- Born: Vernon Lane Odom 9 June 1921 Biscoe, Arkansas, United States of America
- Died: 22 May 1996 (aged 74) Akron, Ohio, United States of America
- Education: Morehouse College Clark Atlanta University
- Occupation: civil rights leader
- Spouse: Sadie Harvey Odom
- Children: Maida Odom Vernon Odom

= Vernon Odom Sr. =

American civil rights leader (1921–1996)

Vernon Lane Odom, Sr. (9 June 1921 – 22 May 1996) was an American civil rights leader. He was born in Biscoe, Arkansas to Dr. Elijah and Ada Odom. His father was born into slavery in 1859 and later became a physician, his mother was a teacher and raised the children on her own after Elijah Odom's death in 1924. In 1949, Odom graduated from Morehouse College in Atlanta, Georgia. Thereafter he earned a master's degree in social work from Clark Atlanta University.

Odom was recognized for his 43 years of work for civil rights causes in Akron, Ohio, as well as his positions as the executive director of the Akron Community Service Center and the Akron chapter of the Urban League.

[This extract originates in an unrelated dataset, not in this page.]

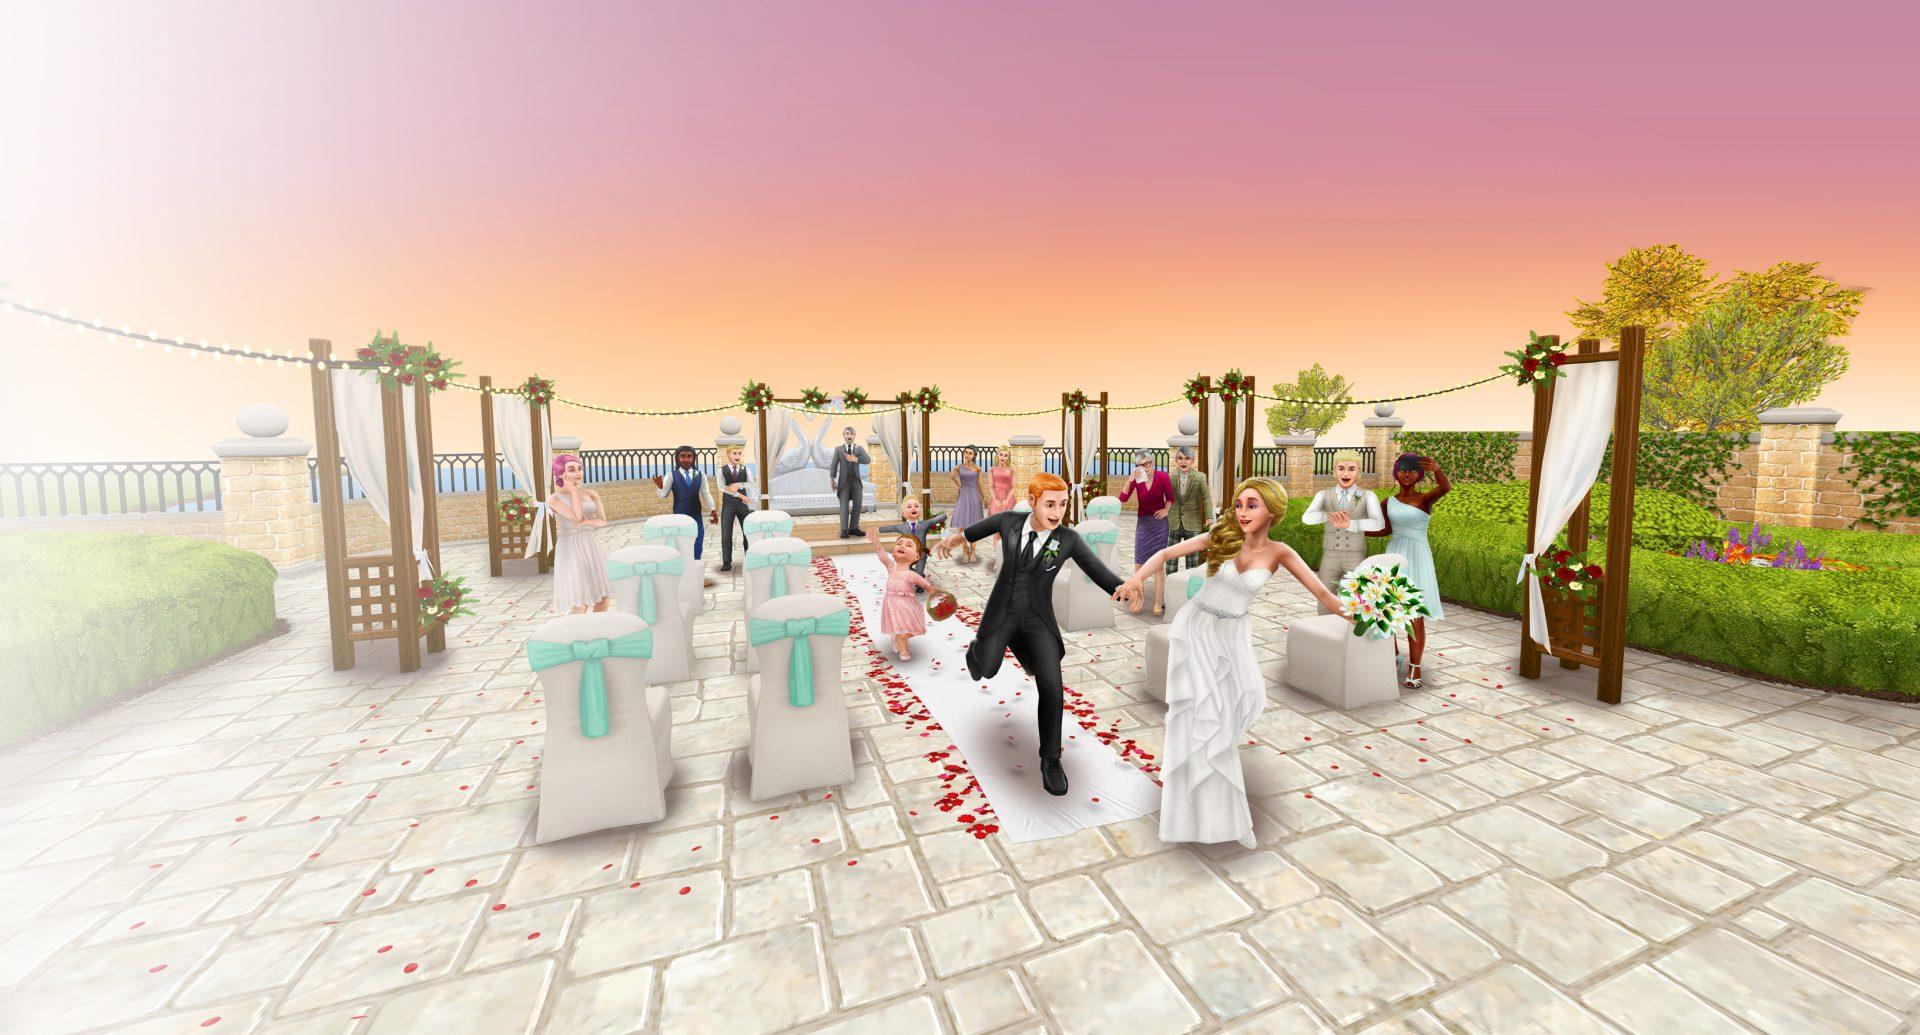 Игра де тский секс свадьба

Today, he is remembered by the Vern Odom Allotment, a suburban-style housing development located off Vernon Odom Boulevard.
Vernon Odom Boulevard, formerly Wooster Avenue (a main thoroughfare through one of Akron's predominantly African-American neighborhoods), was renamed in his honor in 2002. After this was passed, many local signs were renamed to read "V Odom Boulevard", reaping much public conversation and amusement.

From Bob Dyer's column "Dyer Streets" in the Akron Beacon Journal:

"Victory for Vern"
We have lost our Vodom.
Unlike losing your mojo, losing your Vodom is a good thing.
For those of you just joining us, Akron City Council voted in 2002 to rename Wooster Avenue to honor a legendary local civil rights leader named Vernon Odom.
But the bill's sponsor, Marco Sommerville — operating on the assumption that everyone who worked for the city was familiar with the man — scrawled out a quick Post-It Note to the street department requesting signs for the new V Odom Boulevard.
The street department took him literally and created V Odom street signs, then passed along his request, verbatim, to the Ohio Department of Transportation, which is responsible for the big signs on the interstates.
Thus, we were Vodomized.
The word Vodom entered the local lexicon, turning the honor into a joke.
Fortunately, Odom's first name wasn't Sam, Stu or Stan. But still — this certainly wasn't what his friends and colleagues had in mind.
Now, finally, freeway drivers have been fully introduced to Vernon Odom.
Unfortunately, a few signs here and there have retained their Vodomism — including one marking the boulevard's exit off of another boulevard named for one of Odom's college classmates — Martin Luther King Jr.
But perhaps in another six years we can fix those, too.
— Bob Dyer, Akron Beacon Journal

Odom was married to Sadie Harvey Odom. They had two children, Philadelphia journalist Vernon Odom and Maida C. Odom, who is a professor for journalism at Temple University, Philadelphia.